As an unclean bird, the raven argues, it is one of a single pair, and if struck down by the weather, this will mean the end of the species. “You hate me and your Master (God) hates me,” the raven claims (Talmud Sanhedrin 108b).

In one respect, the accusation is not far from the truth. The function in the narrative of an unclean, wild raven is as a counterpoint to the clean, gentle dove. The useful, lovable bird ultimately brings good news to Noah, not a bird that, we must assume, survives while waiting for the waters to recede by living off carrion. In the account in Midrash Genesis Rabbah, Noah is brutal. He replies to the raven’s accusations, “What need does the world have of you? You are no use for food or for sacrifice.”

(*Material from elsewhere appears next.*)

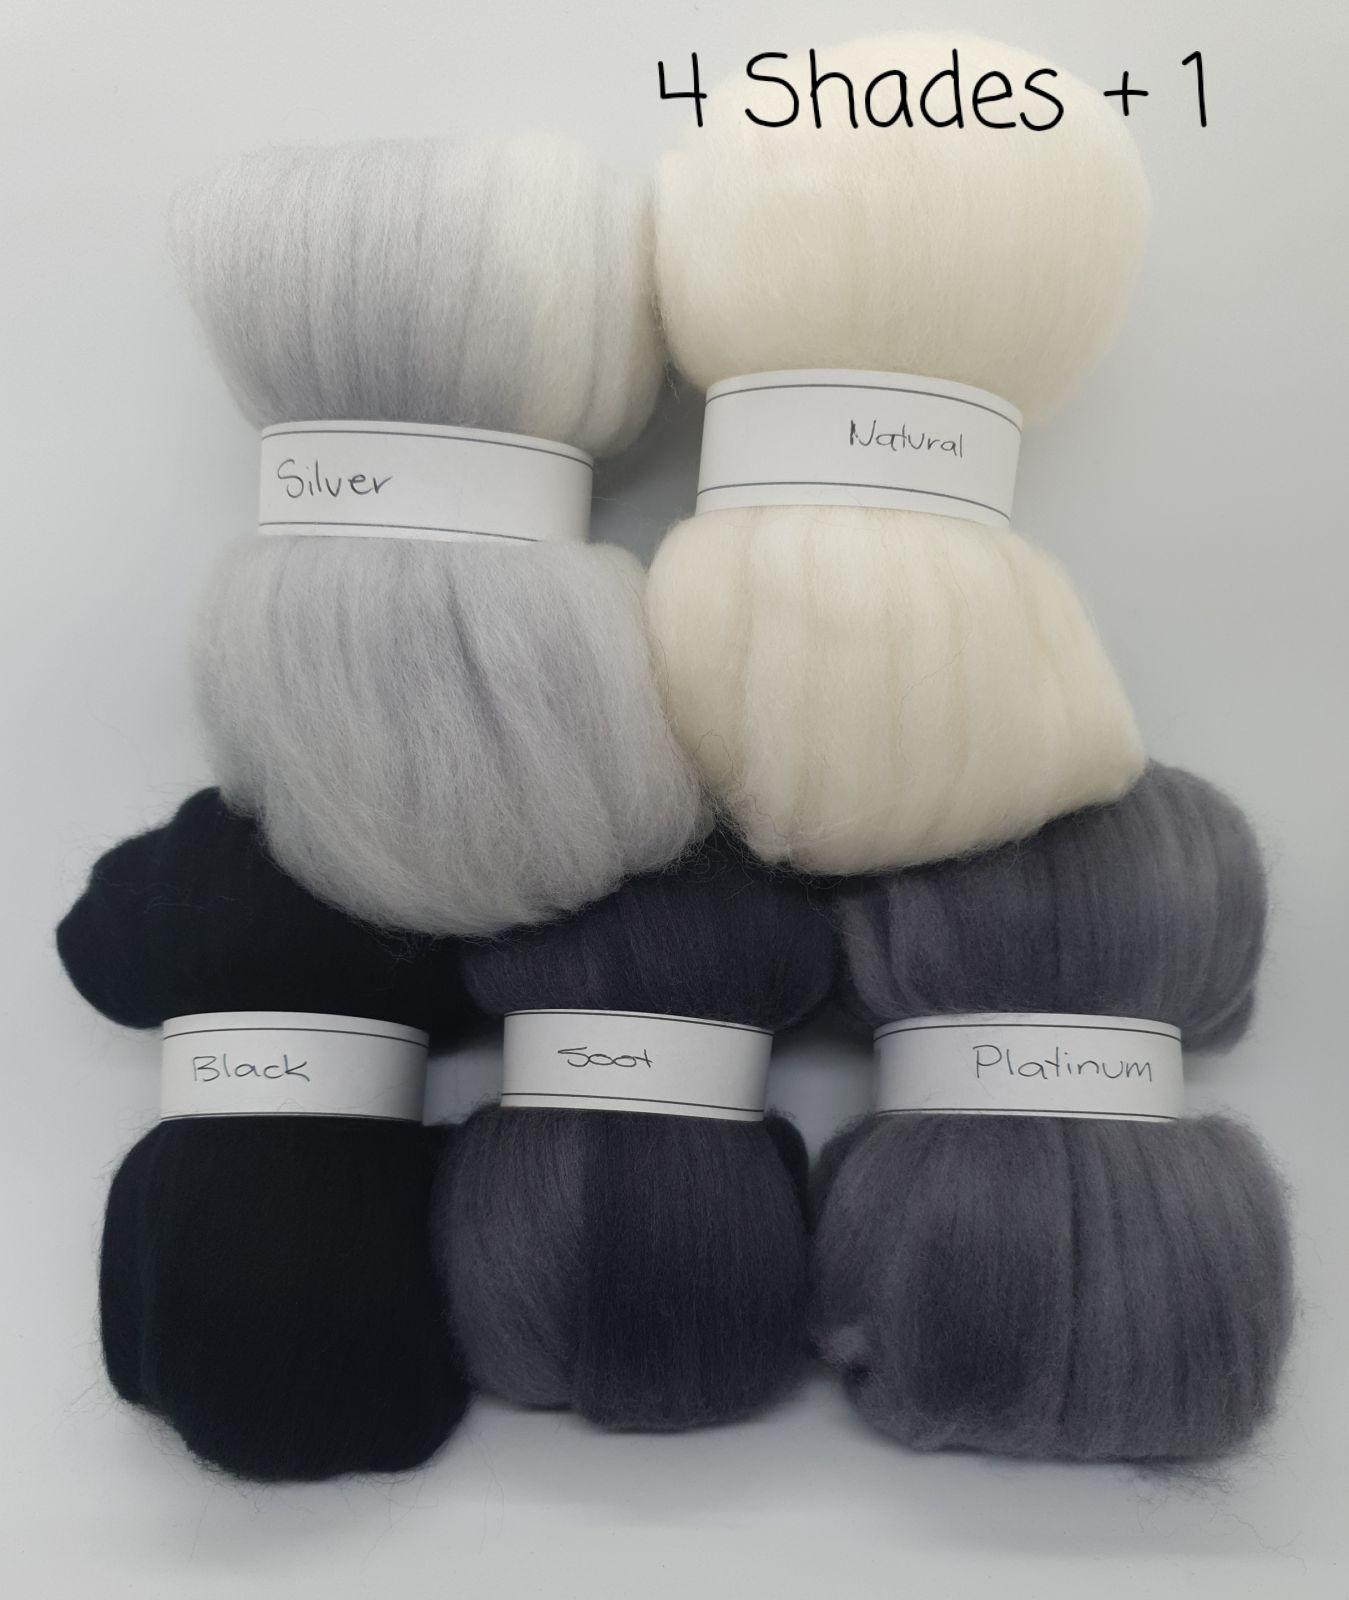 4 Shades of Grey plus 1
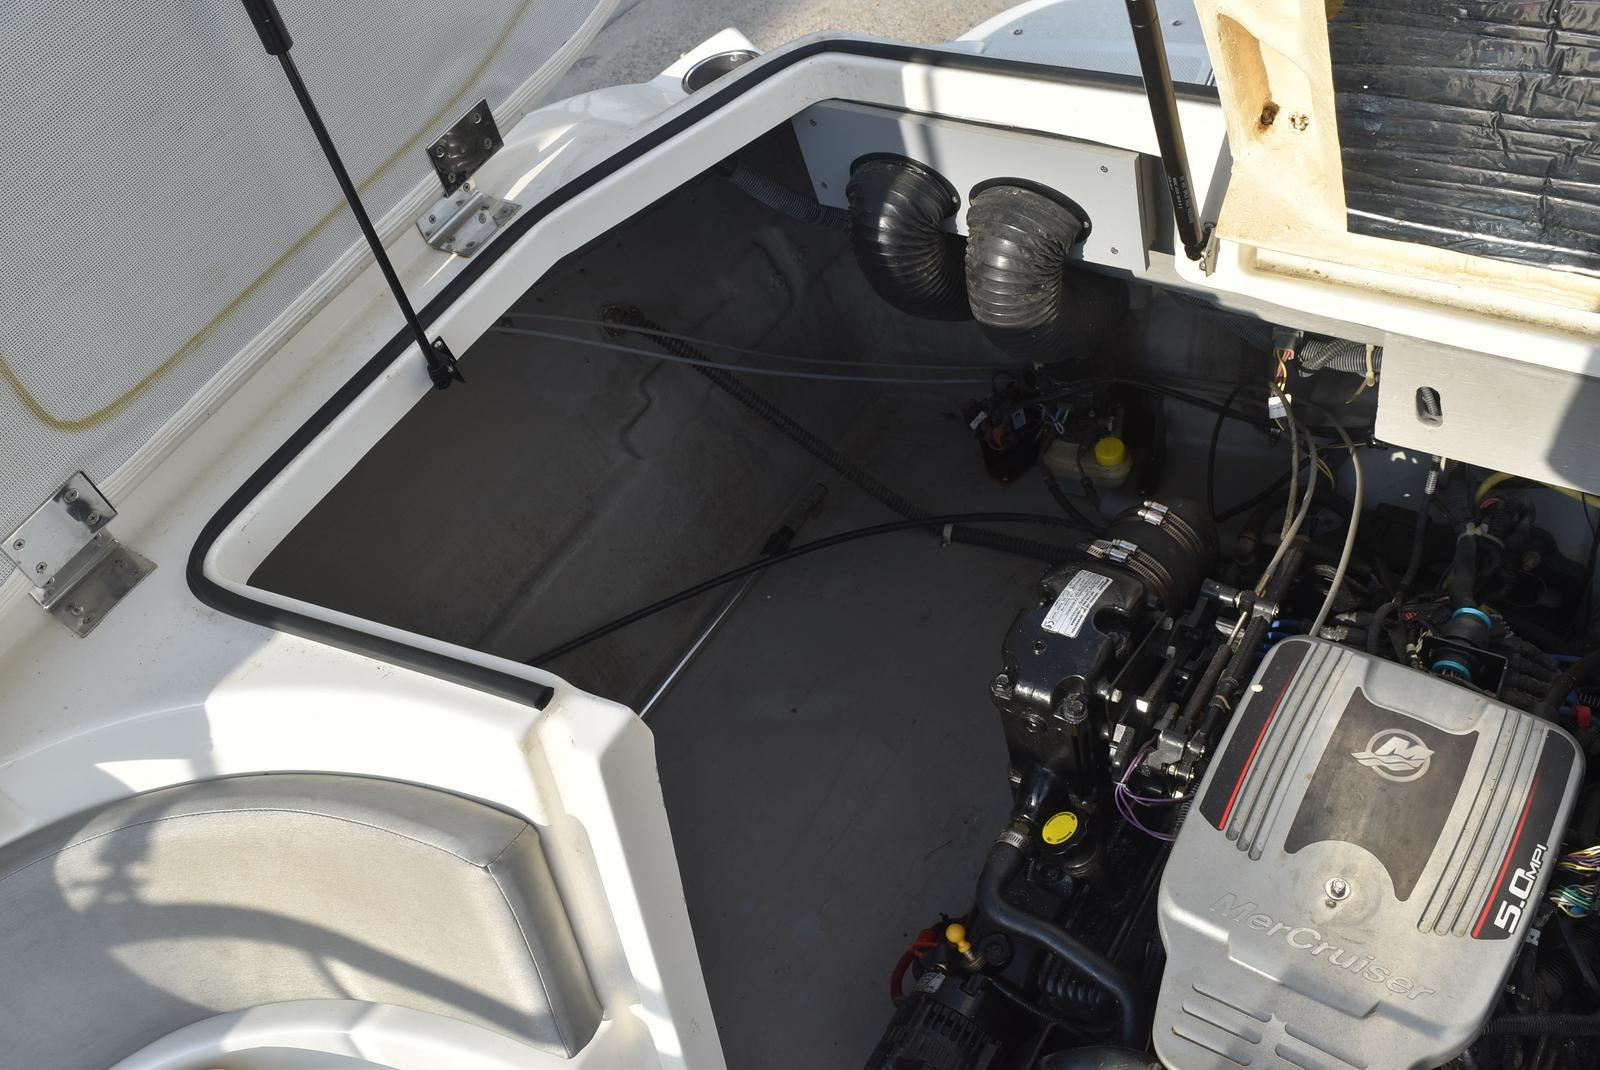 2010 Bayliner boat for sale, model of the boat is 235BR & Image # 15 of 43

But the Noah of this midrash is wrong. God does not instruct him to preserve every species because of their potential value to human beings. Rather, the purpose of the ark is simply to preserve the diversity of the natural world. Similarly, we are not to cherish life only because of what it can do for us, but because all life is of inherent value.

It may be easier to care about animals that are useful or which are attractive — the recently publicised plight of the truly hideous blobfish is a reminder of that. But the message of Noah is the opposite. We are duty bound to preserve life in all its forms. Even the ugly and the unclean. Even the argumentative.